What you will do — Print the whole listing below exactly, skipping every picture.

Collected data —
■ ■ ■ ■ ■

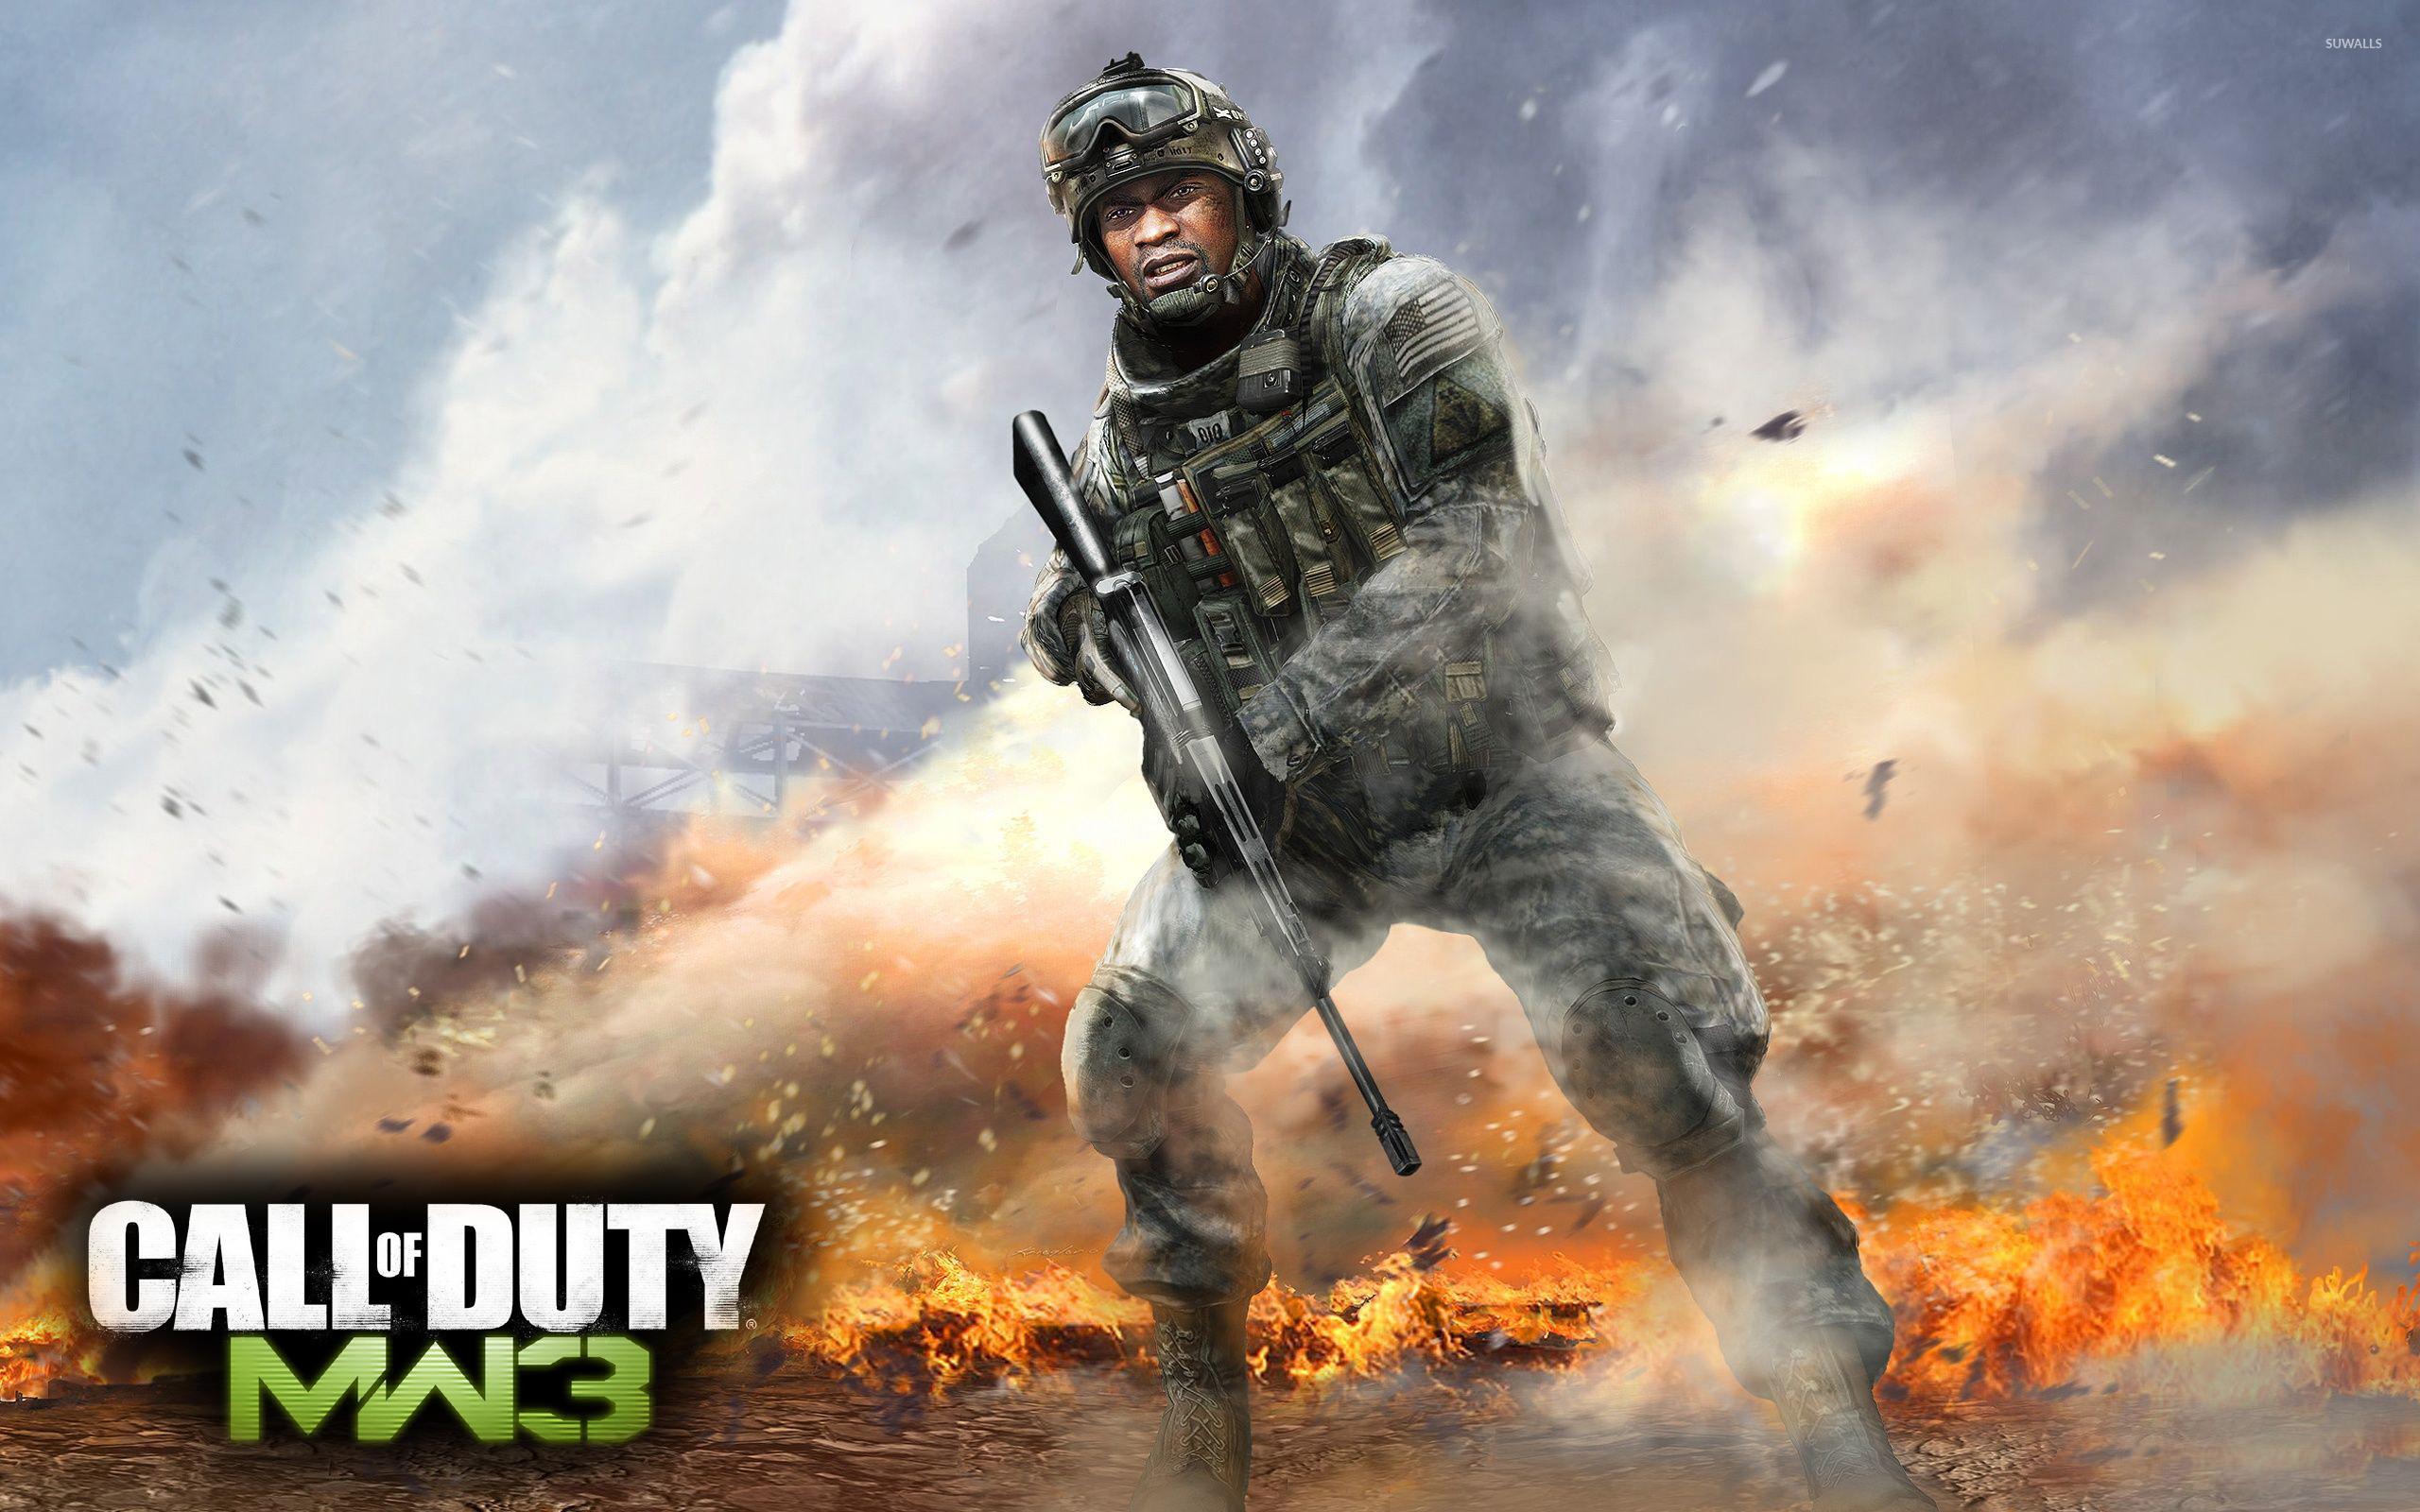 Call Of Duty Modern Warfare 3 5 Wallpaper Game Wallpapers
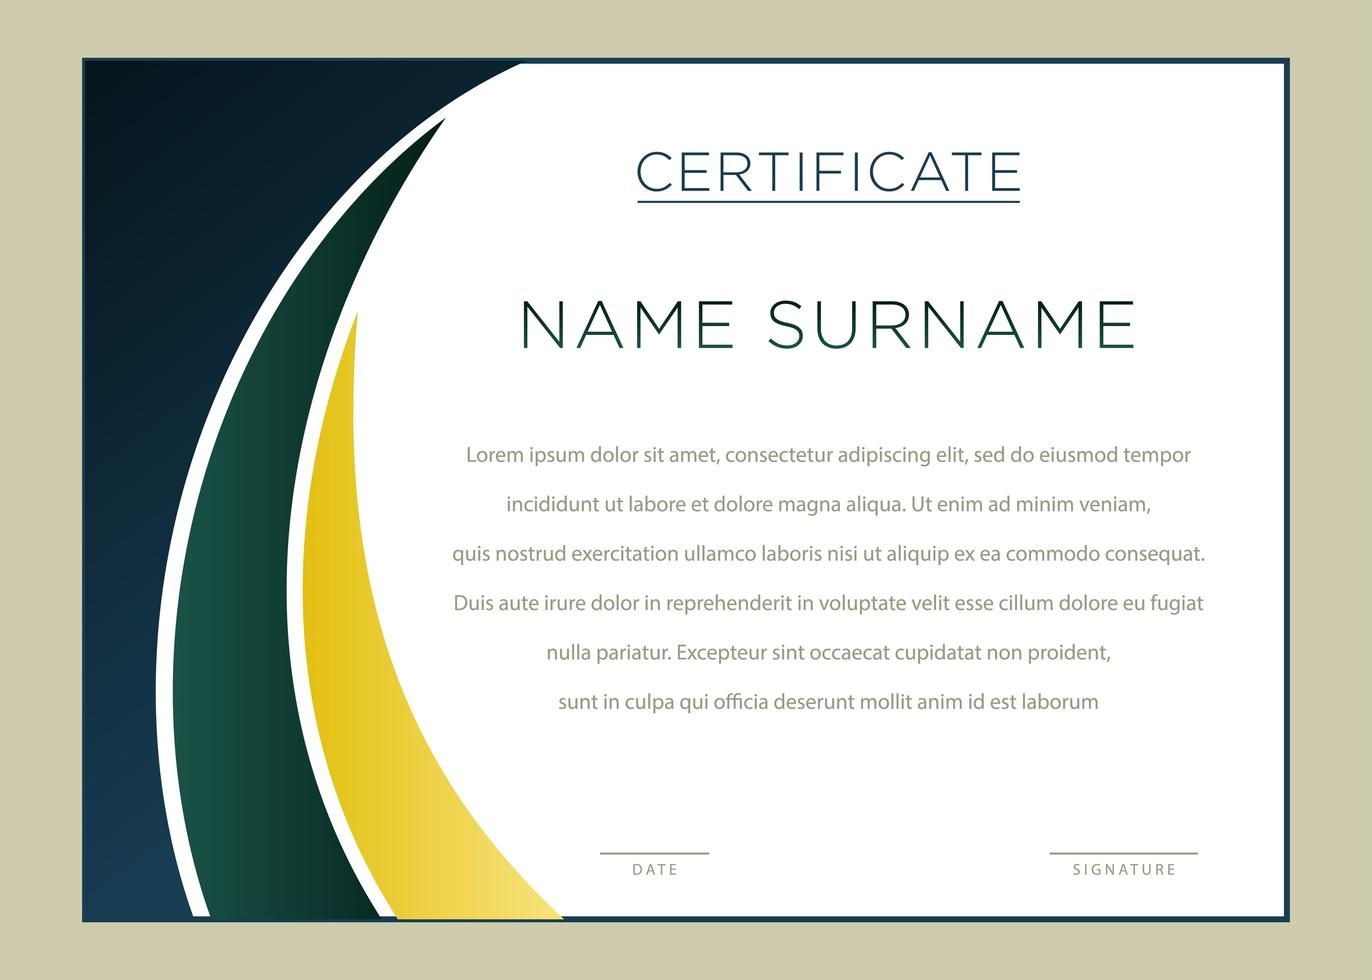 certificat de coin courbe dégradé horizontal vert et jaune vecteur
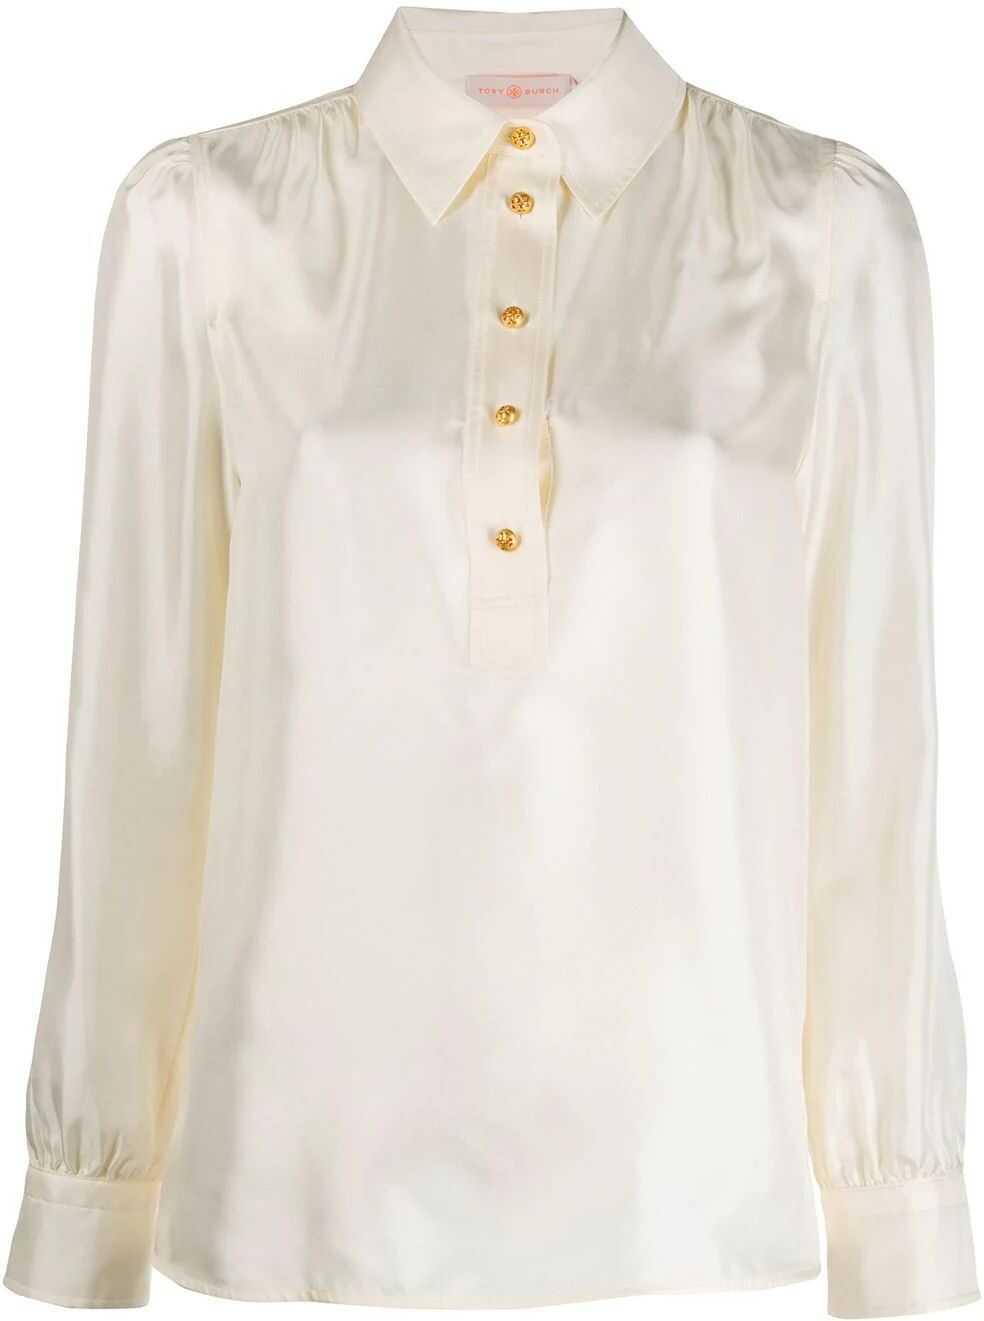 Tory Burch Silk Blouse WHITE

■ ■ ■ ■ ■

Reply to the task —
 Call Of Duty Modern Warfare 3 5 Wallpaper Game Wallpapers
 certificat de coin courbe dégradé horizontal vert et jaune vecteur
 Tory Burch Silk Blouse WHITE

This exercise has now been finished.